Last year’s contest for Allegheny County, Pa. executive drew $1 million in funds from secretive groups that skirted disclosure requirements.

The role "dark money" played in Joe Rockey's campaign for chief executive of Allegheny County, Pennsylvania, illustrates how PACs can operate without public knowledge. (Dreamstime/TNS)
For supporters of Joe Rockey, it was a secret way to help boost his campaign and help him capture the most powerful office in Allegheny County.

First, a nonprofit was formed in Delaware, one of the nation's foremost havens for financial privacy.

Then, a political action committee was created 100 miles away, in Alexandria, Va.

Soon, the money began flowing — hundreds of thousands of dollars routed from the nonprofit to the PAC and then to television stations in Pittsburgh — without the public ever knowing who was paying for the advertising campaign.

Within days, the first commercial was blanketing the airwaves, with sharper attacks soon to follow in what became a $1 million ad blitz aimed at tearing down the candidacy of Democrat county executive candidate Sara Innamorato.

The newly formed nonprofit and its closely connected PAC would go on to outspend Innamorato two-to-one on the airwaves in one of the most consequential political battles in the county in years.

To this day, donors to the nonprofit — Save Allegheny County — remain hidden behind obscure corporate filings, complex tax laws and a campaign finance system that shields the names of donors at a time when most Americans consider transparency a fundamental safeguard of elections.

In a plan that experts say was emblematic of a dark-money scheme, the cash that flowed into Allegheny County was routed through two out-of-state entities that had been created for just this purpose, the Pittsburgh Post-Gazette has found.

"Unfortunately, this is a really common example of how wealthy special interests seek to hide the sources of big election spending and rig the political system in their favor," said Elizabeth Shimek, senior legal counsel for the Campaign Legal Center, which advocates for transparency in elections.

When questioned by the Post-Gazette, Rockey, the Republican candidate who narrowly lost the county executive race, said he had no involvement in the operation and no knowledge of who funded it.
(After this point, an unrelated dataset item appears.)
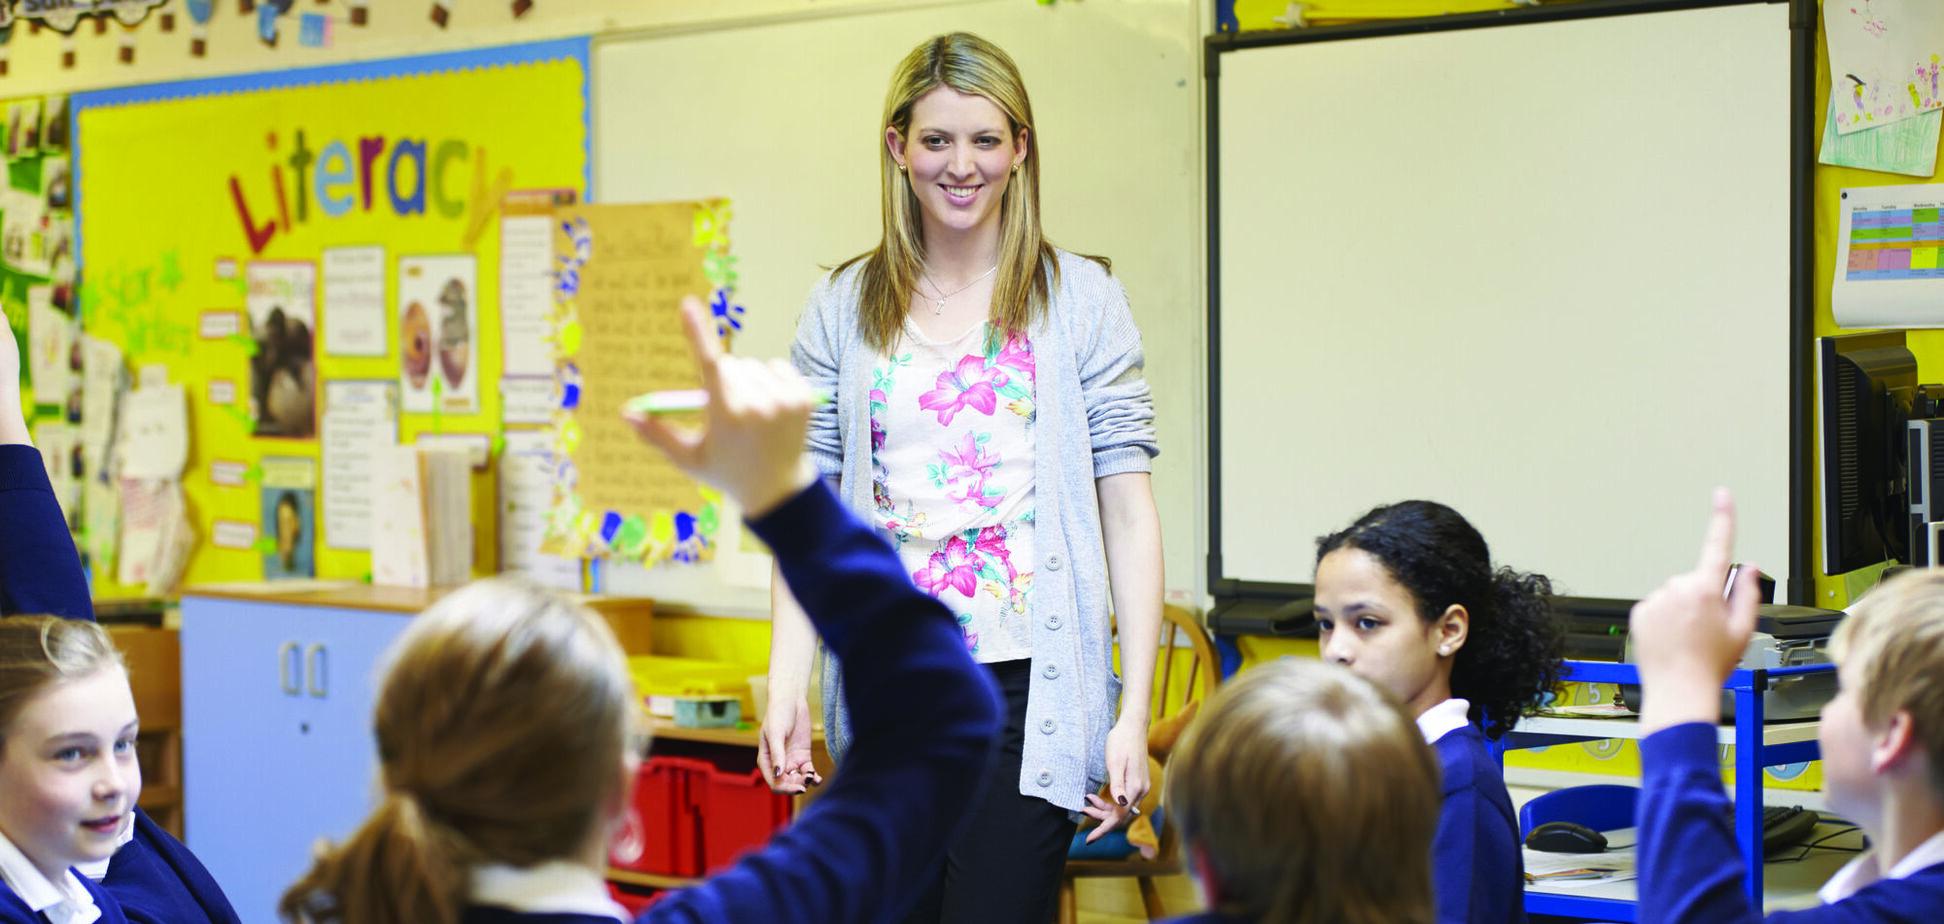 День учителя в Украине отмечается в первое воскресенье октября

Innamorato declined to comment.

Election transparency advocates say the lack of information is a troubling example of how disclosure laws can be skirted in Pennsylvania, preventing voters from knowing the powerful supporters behind candidates.

"That should raise red flags," said Brendan Fischer, deputy executive director of the campaign finance watchdog group Documented. "There are wealthy special interests that want to buy influence in secret, and keep their names hidden from public disclosure."
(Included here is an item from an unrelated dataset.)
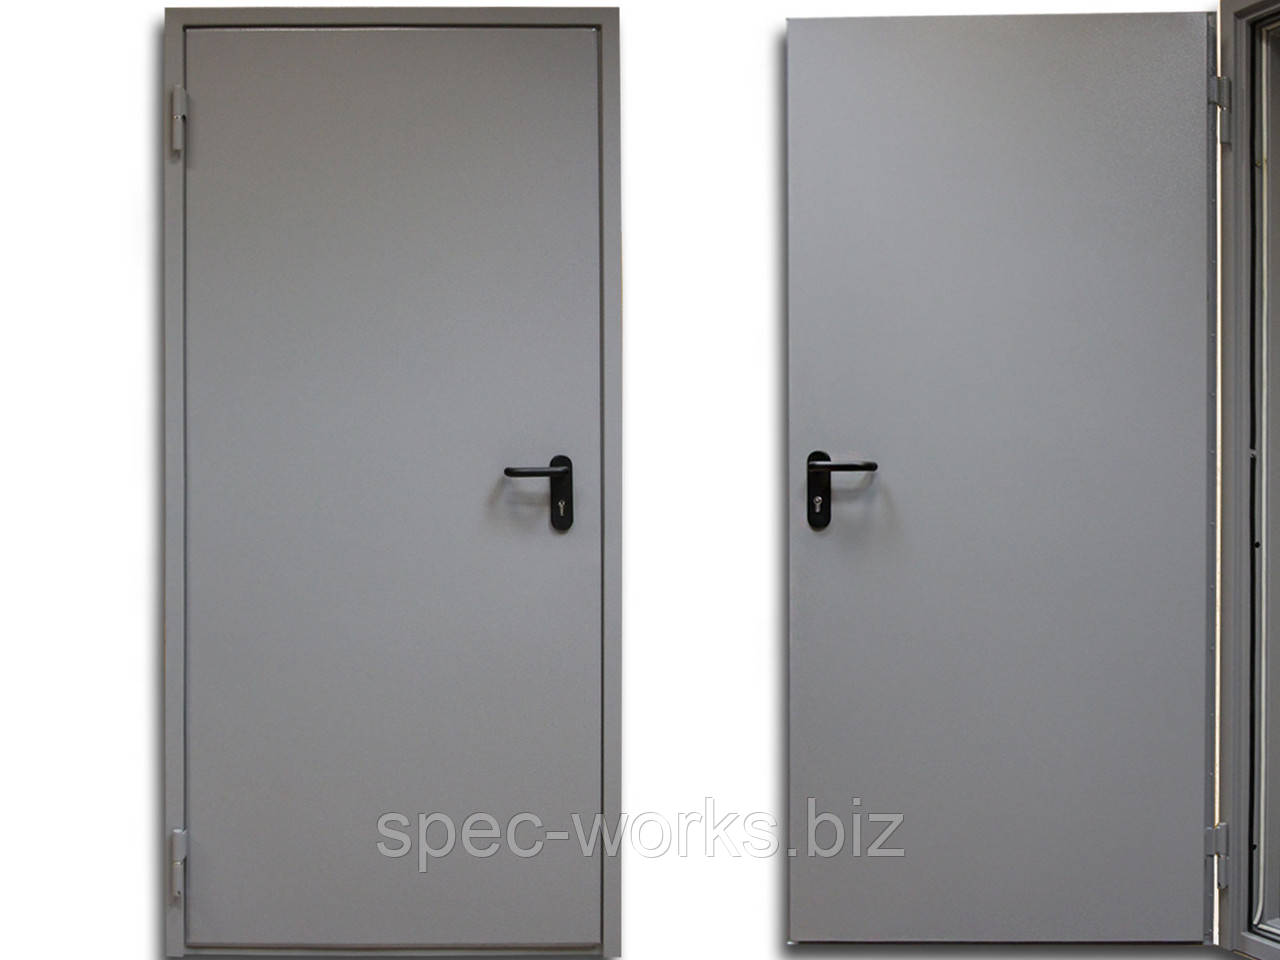 Противопожарная одностворчатая дверь ДПМ 60-1 900 x 2200

Dark money has been around for years in U.S. politics, but in Pennsylvania — a key battleground in the presidential campaign — it's become a troubling option for donors because the state does not have the kind of laws that would force groups like Save Allegheny County to identify their funders.
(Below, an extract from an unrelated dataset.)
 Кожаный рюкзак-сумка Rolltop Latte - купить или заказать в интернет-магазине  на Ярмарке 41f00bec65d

In Arizona, the names of top donors are disclosed in campaign ads. In Rhode Island, nonprofits that engage in political races have to identify their funders. In California, outside groups must name their top three contributors.

But in Pennsylvania, donors have been free to conceal their roles in key races ever since a landmark U.S. Supreme Court decision that ushered in the era of unlimited spending by outside groups.

The high court's decision in 2010 known as Citizens United, along with a federal court ruling four years later, reshaped Pennsylvania's campaign finance laws and paved the way for dark money groups to enter the fray.

For Save Allegheny County, the operation struck quickly.

On Aug. 1, 2023, just over three months before the polls closed in Allegheny County, someone anonymously bought the domain name, according to the Internet Corporation for Assigned Names and Numbers.

Three days later, Save Allegheny County Inc. was set up as a nonprofit in Delaware, where corporate officers do not have to be identified in public filings.

The only record that would reveal the nonprofit's directors would be its annual report — and Save Allegheny County never filed one, despite a law requiring it to do so by March 1, according to the Delaware Secretary of State's office.

Once the nonprofit was up and running — and able to collect unlimited, anonymous donations — the final piece of the political operation fell into place just over a month later, on Sept. 7.

A campaign accounting firm headquartered in Alexandria, Va., filed the paperwork to create Save Allegheny County Action, a political action committee that was now ready to jump into Western Pennsylvania's biggest race.

In the weeks that followed, that PAC raised $440,000 — all funneled from Save Allegheny County Inc.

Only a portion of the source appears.